Northampton County in northeastern North Carolina has been majority black since the plantation system was established in the 1700s, but it wasn’t until 1969 that the first black person was appointed to the school board.

Born into a sharecropping family, James H. Jones left Longview Farm to establish his own farmstead. He twice ran unsuccessfully for Northampton County School Board and then received appointment to it through a political horse trade with a progressive white state lawmaker who received the backing of the county’s black leadership and then pushed through legislation to expand the school board and provide for the appointment of two new members before the next election.

A 1960 state Supreme Court ruling successfully overturning the literacy test that had been used to prevent black residents from registering to vote — an effort that Jones played a role in — and set the stage for eventual political representation. During Jones’ tenure, blacks would gain the majority on the school board, and Jones would become the first black chairman of a school board in North Carolina.

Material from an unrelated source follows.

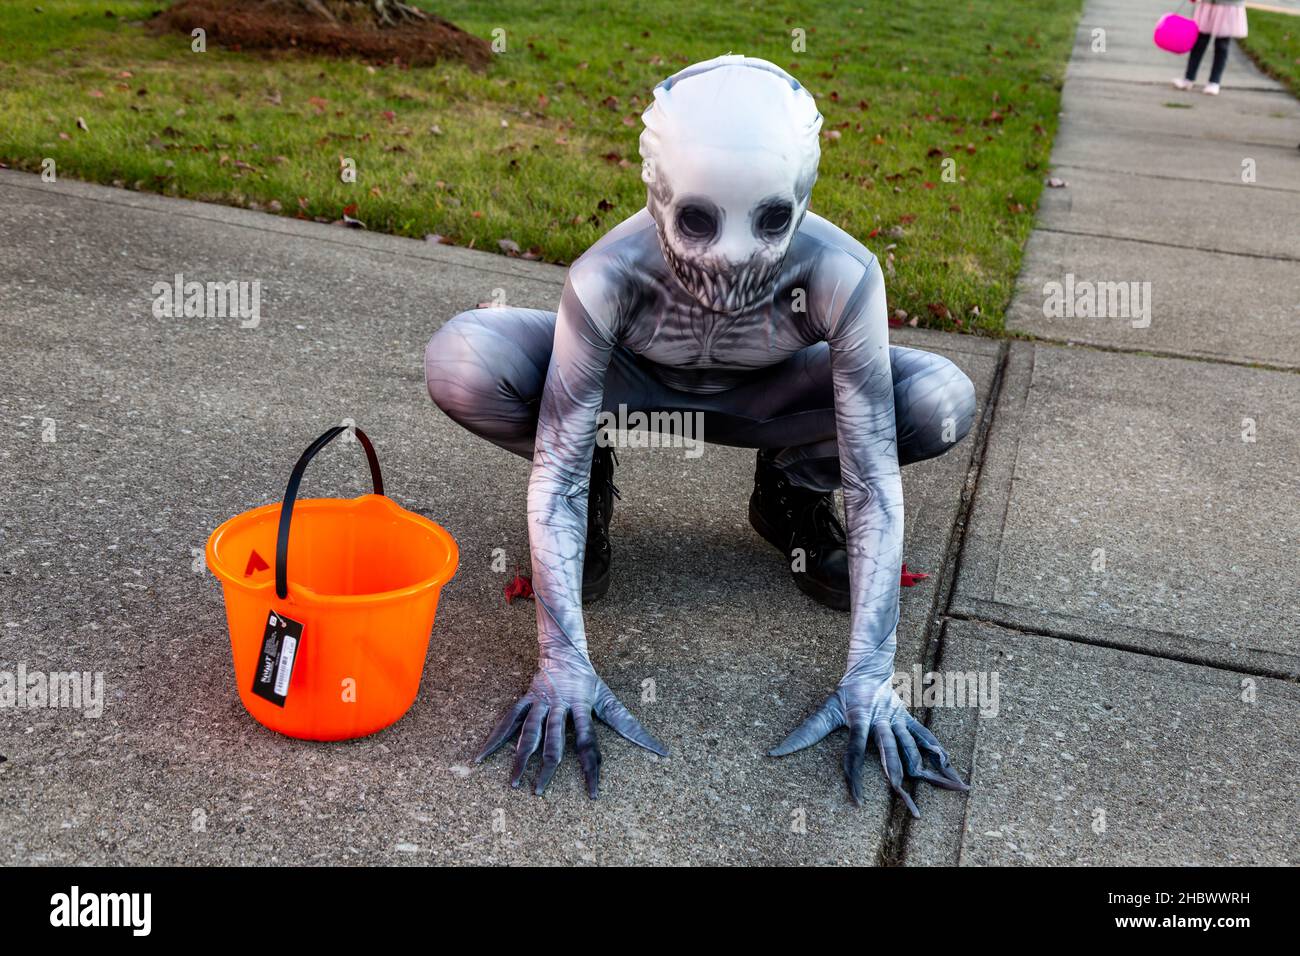 Ein junger Trick oder Treater hockt auf der Auffahrt, als er Halloween in einem gruseligen Zentai Zombie Kostüm feiert. Stockfoto

The place is tellingly described by a chorus of anonymous commenters at the beginning of the film, both black and white: “Northampton County is a small county on the scale of things, had a population that were used to each other; I don’t know how they felt about each other — they were used to each other…. Northampton County is a farming community, a county where people live and work and enjoy themselves together with the limited resources that they have…. We did have a nice, comfortable way of life in a lot of ways down here. It was very little change that took place for a long time.”

Directed by Jones’ daughter, the documentary can feel like hagiography and the pacing sometimes suffers from an overreliance on “talking head” interviews, but overall it conveys an important story about a significant North Carolina leader in a fascinating locale. Jones’ rise is all the more remarkable for the fact that he pioneered black electoral power in a county where blacks remained subjugated as sharecroppers on cotton plantations at least through the 1950s. (Disclosure: My ancestors owned slaves in Northampton County.)